====== RECORDED INFORMATION ======

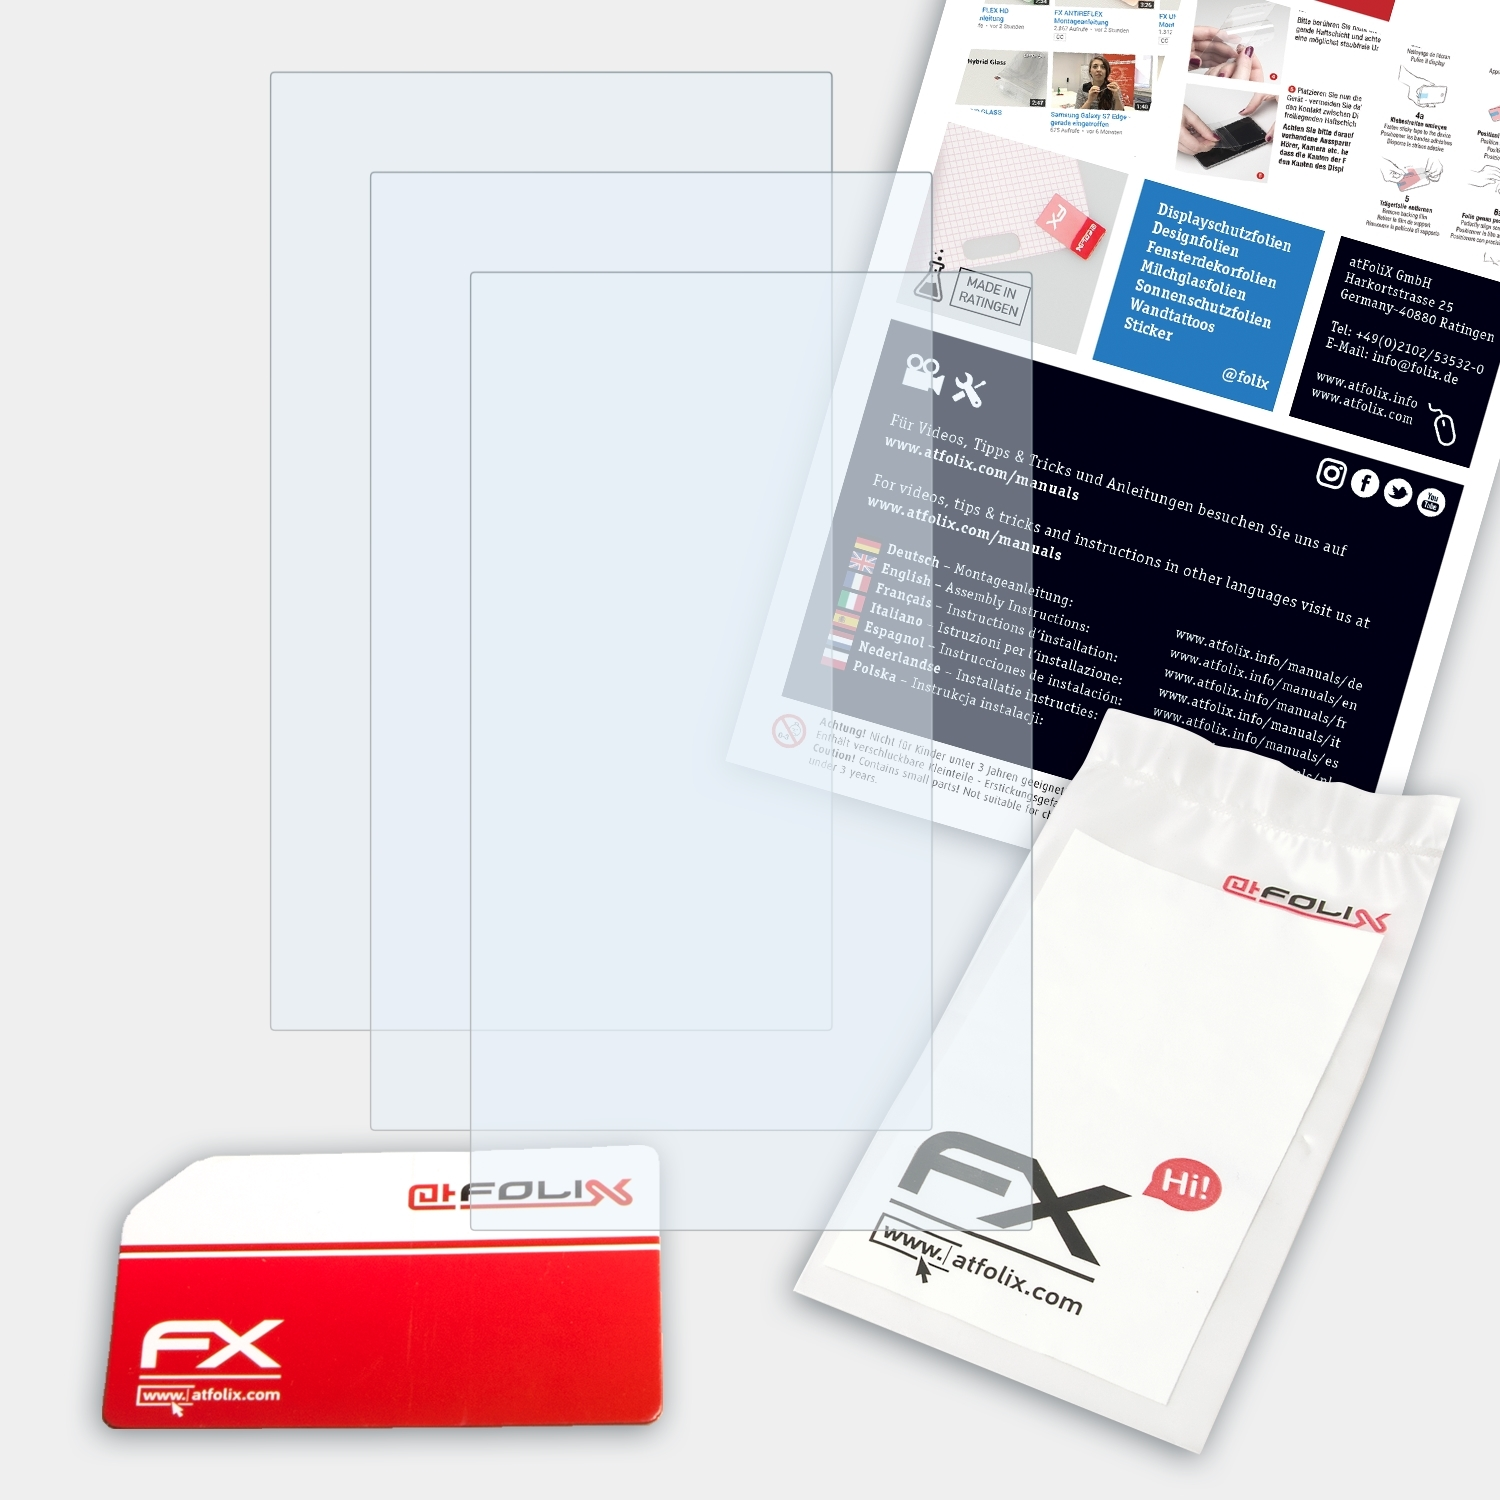 ATFOLIX 3x FX-Clear XDP-30R) Pioneer Displayschutz(für
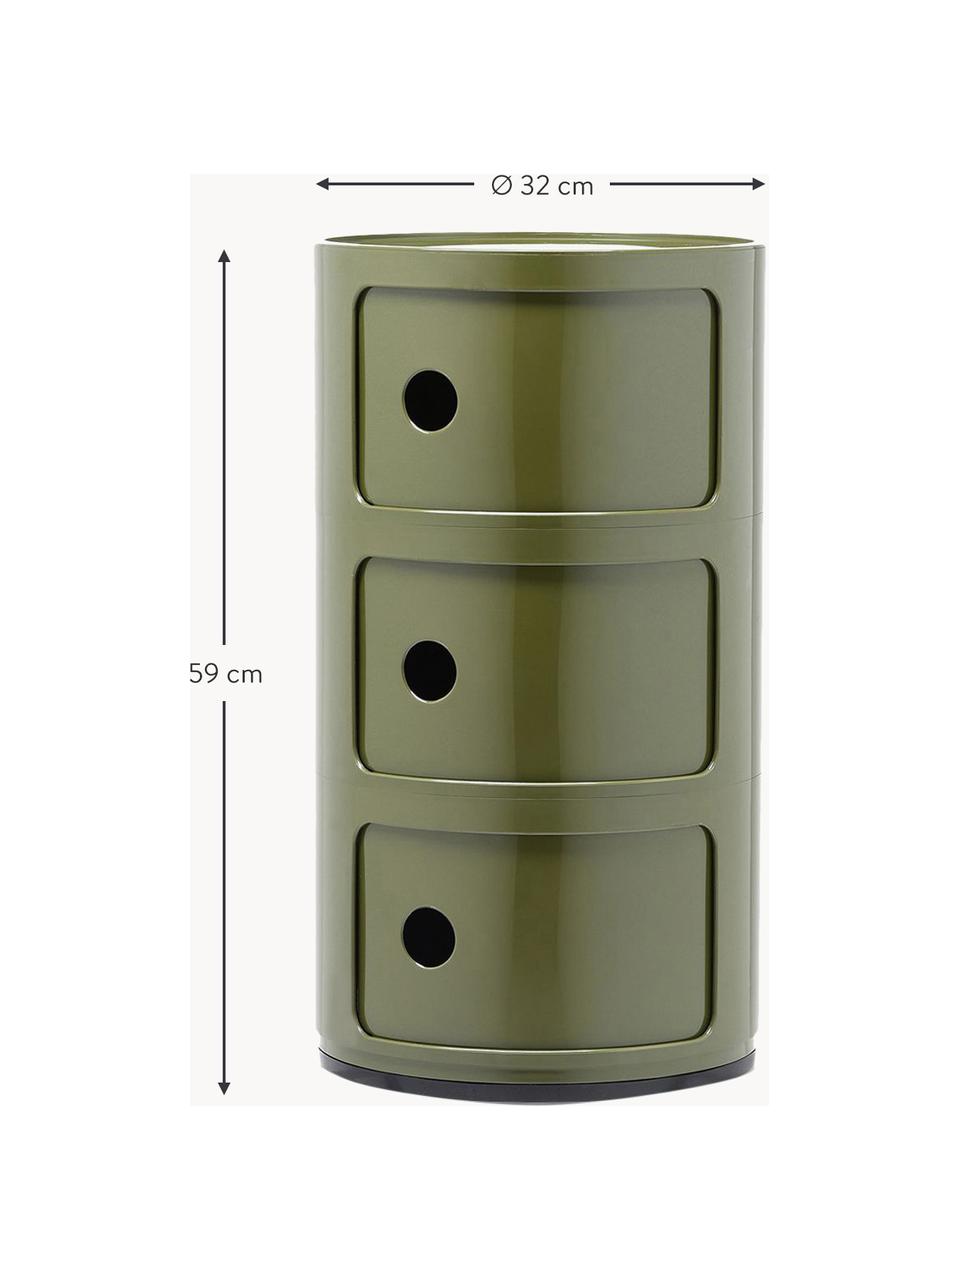 Stolik pomocniczy Componibili, 3 moduły, Tworzywo sztuczne z certyfikatem Greenguard, Oliwkowy zielony, błyszczący, Ø 32 x W 59 cm
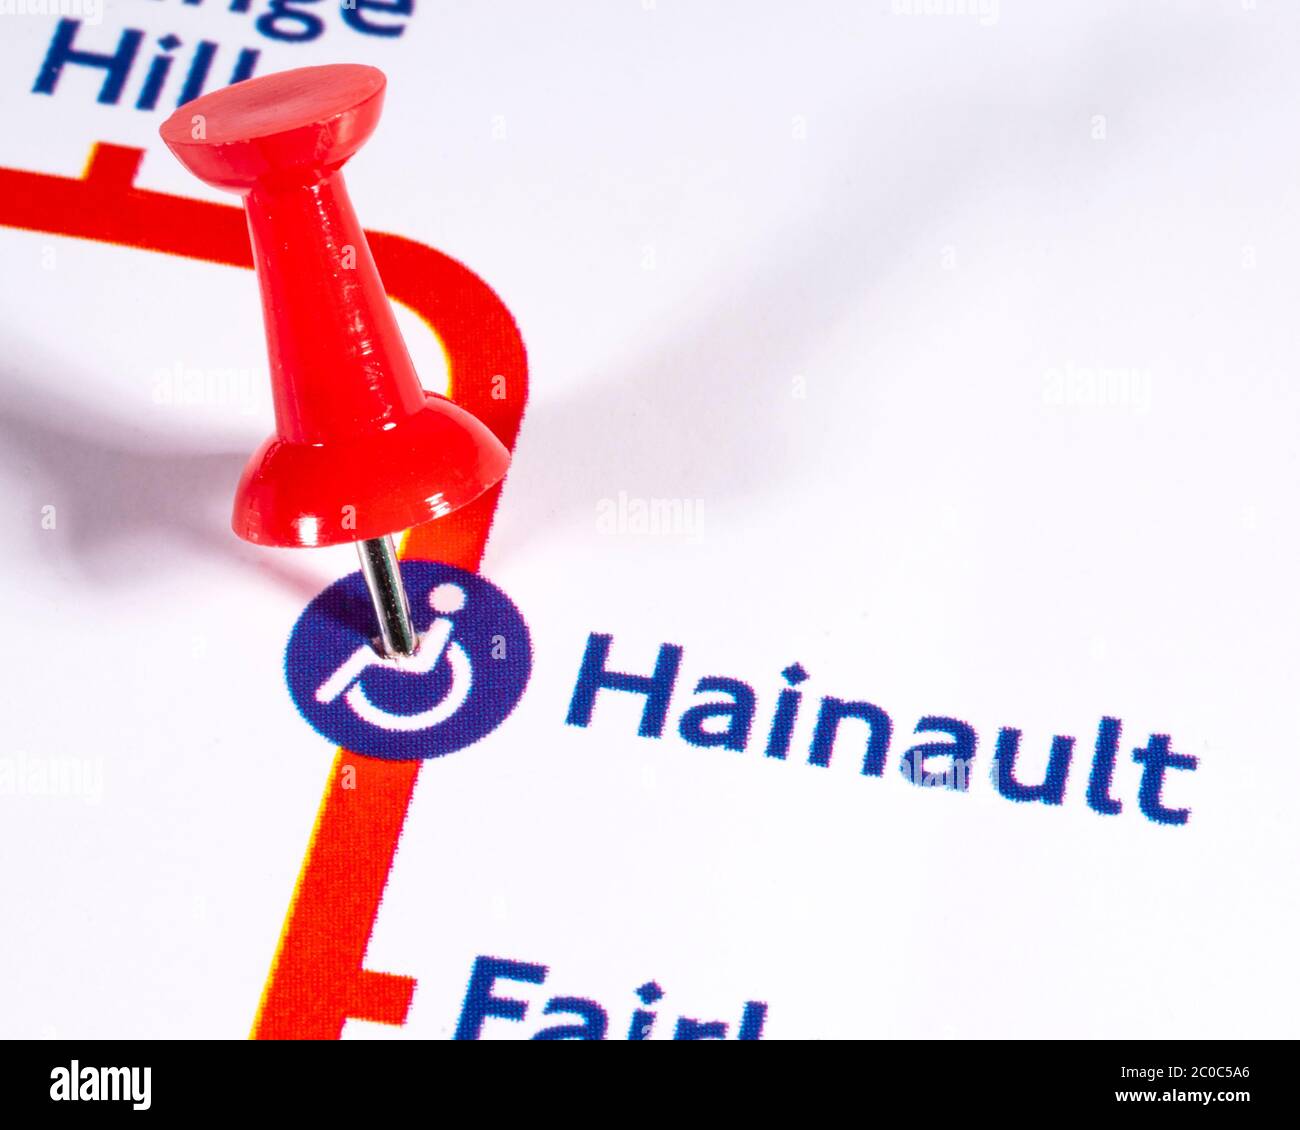 Londres, Royaume-Uni - 10 juin 2020 : une carte PIN marquant l'emplacement de la station Hainault sur un métro de Londres carte Banque D'Images

======

ABOUT THIS TASK:
Only the lines that lie between the start of the listing and the line containing "Stolik pomocniczy Componibili, 3", both included, belong in the answer; write them out exactly and omit pictures.

RESPONSE:
 ATFOLIX 3x FX-Clear XDP-30R) Pioneer Displayschutz(für
 Stolik pomocniczy Componibili, 3 moduły, Tworzywo sztuczne z certyfikatem Greenguard, Oliwkowy zielony, błyszczący, Ø 32 x W 59 cm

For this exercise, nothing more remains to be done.